Association between NER Pathway Gene Polymorphisms and Wilms Tumor Risk.

Nucleotide excision repair (NER) is an essential mechanism of the body to defend against exogenous carcinogen-induced DNA damage. Defects in NER may impair DNA repair capacity and, therefore, increase genome instability and cancer susceptibility. To explore genetic predispositions to Wilms tumor, we conducted a case-control study totaling 145 neuroblastoma cases and 531 healthy controls. We systematically selected 19 potentially functional SNPs in six key genes within the NER pathway (ERCC1, XPA, XPC, XPD, XPF, and XPG). The odds ratio (OR) and 95% confidence interval (CI) were calculated to measure the strength of associations. We identified significant associations between two XPD SNPs and Wilms tumor risk. The XPD rs3810366 polymorphism significantly enhanced Wilms tumor risk (dominant model: adjusted OR = 2.12, 95% CI = 1.26-3.57). Likewise, XPD rs238406 conferred a significantly increased risk for the disease (dominant model: adjusted OR = 2.30, 95% CI = 1.40-3.80; recessive model: adjusted OR = 1.64, 95% CI = 1.11-2.44). Moreover, online expression quantitative trait locus (eQTL) analysis demonstrated that these two polymorphisms significantly affected XPD gene expression in transformed fibroblast cells. Our study provides evidence of the association between the two XPD polymorphisms and Wilms tumor risk. However, these findings warrant validation in larger studies.

Introduction

Wilms tumor (WT) is a complex childhood embryonal tumor of the kidney, affecting about one child per 10,000 worldwide under 15 years of age. WT is derived from the embryonal nephric mesenchyme. It is characterized by the copresence of the whole spectrum of nephrogenic differentiation, from primitive blastema to mature epithelial and stromal elements, which normally appear in the different developmental stages of the kidney. Compared with other cancers, treatment of WT has been quite successful. Several clinical trials have achieved overall survival rates of over 90%, carried out by the Children’s Oncology Group (COG), the International Society of Pediatric Oncology (SIOP), and others. The encouraging outcomes of patients in clinical trials largely benefit from personalized therapy founded on clinical (e.g., age, tumor size, volume, and response to chemotherapy) and genetic (e.g., loss of heterozygosity [LOH] at chromosomes 1p and 16q) risk factors. Despite the favorable prognosis of WT, it should be noted that approximately 25% survivors experience severe chronic disorders. Moreover, 25% WT patients have high-risk WT (i.e., poor histologic and molecular characteristics, tumors on both sides, and relapsed disease), and their survival rates are below 90%. Therefore, it is indispensable to refine treatment modalities to reduce sequelae and complications and to develop novel therapies for high-risk WT.
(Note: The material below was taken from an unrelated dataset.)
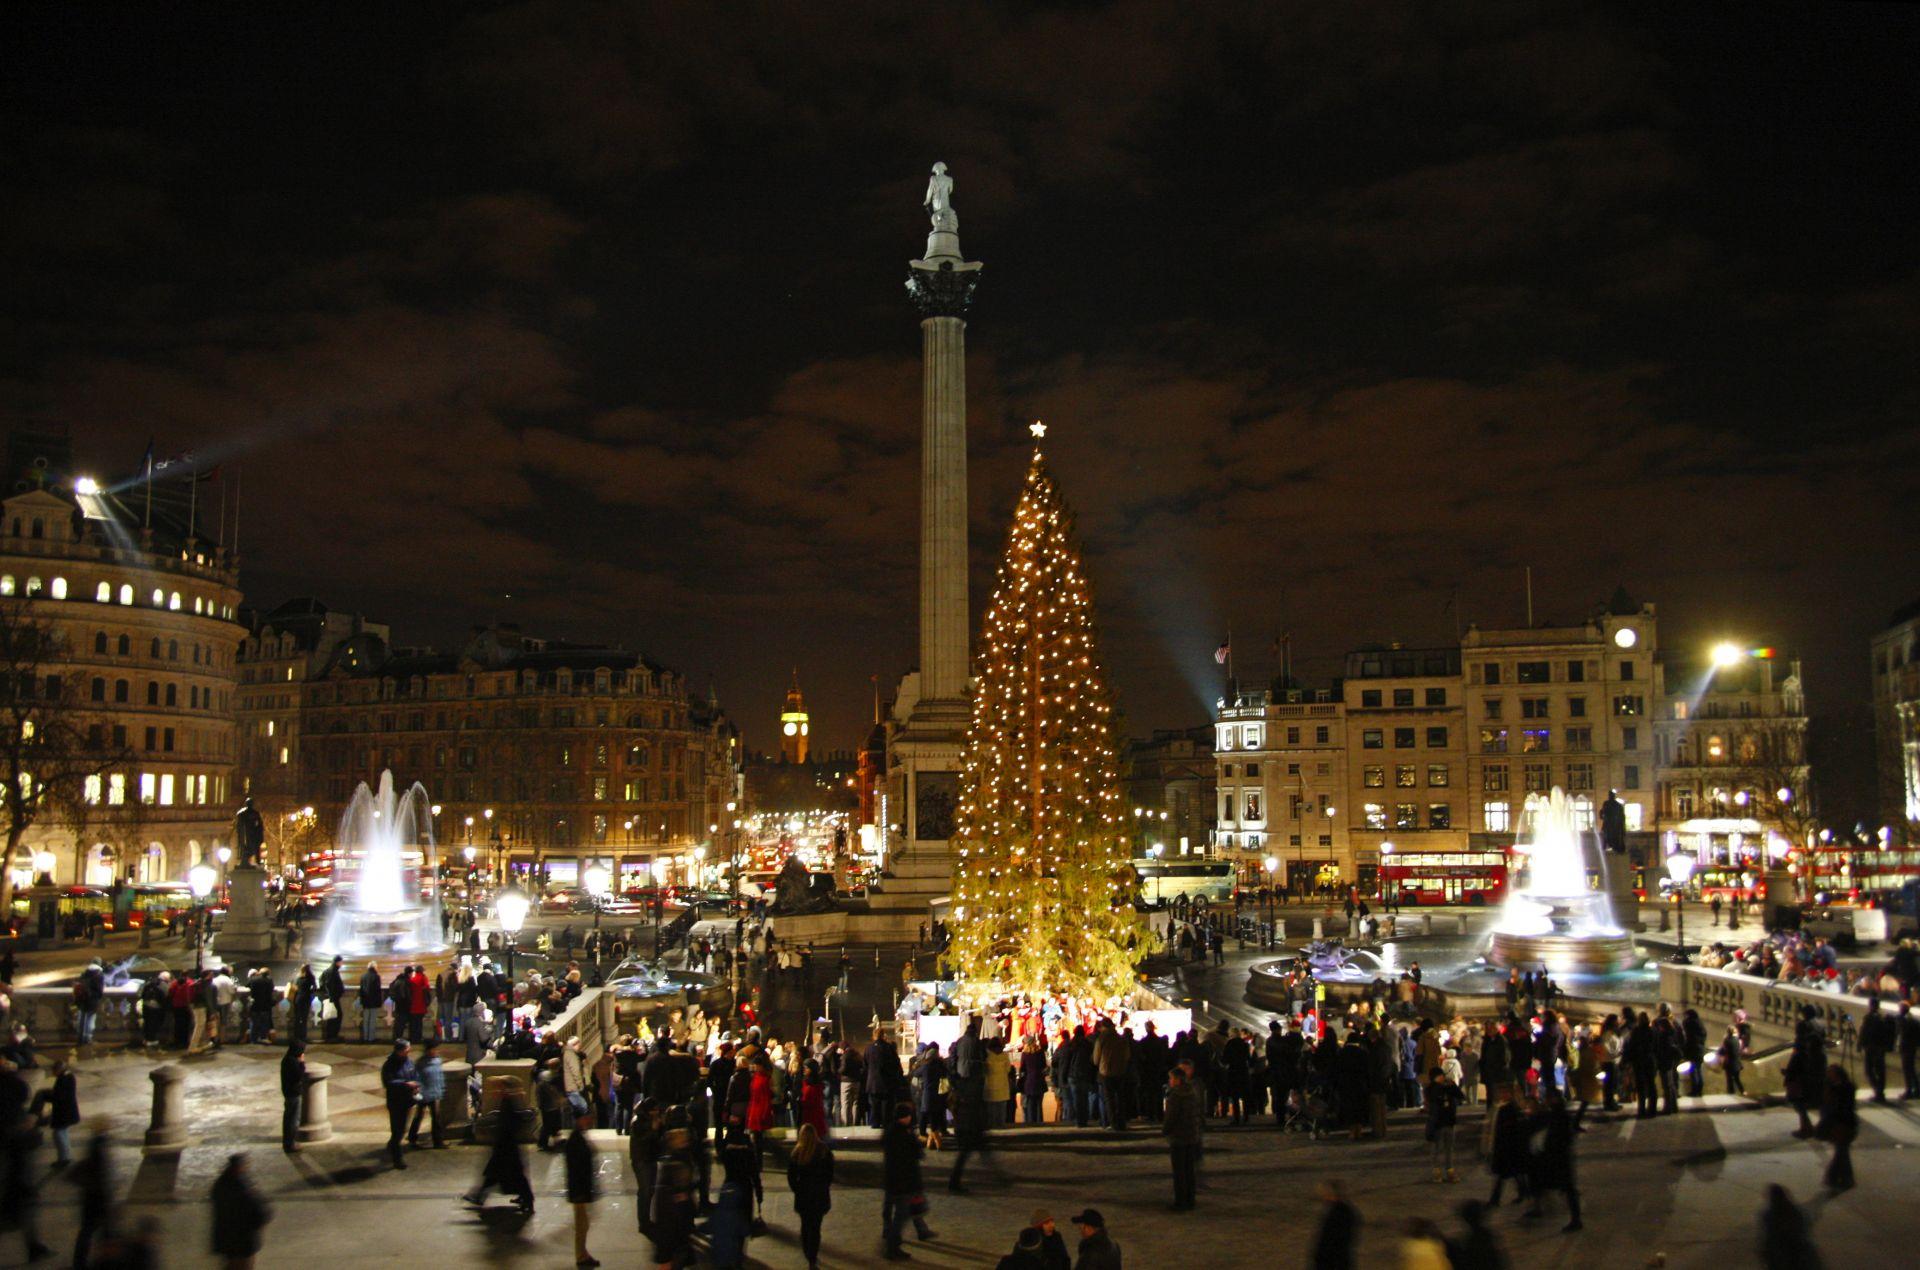 trafalgar square christmas tree - photo #10

WT is a genetically heterogeneous and complex disease. Well established genetic risk factors include mutations in Wnt/β-catenin pathway-related Wilms tumor gene 1 (WT1), catenin beta 1 (CTNNB1), and Wilms Tumor gene on the X chromosome (WTX), which are involved in the etiology of approximately one-third of WT. Moreover, LOH of chromosome 16q, gain of chromosome 1q, and microRNA (miRNA)-processing gene mutations are also frequently observed in WT.3, 4 However, the alterations of additional genes that contribute to Wilms tumorigenesis still warrant intensive investigations.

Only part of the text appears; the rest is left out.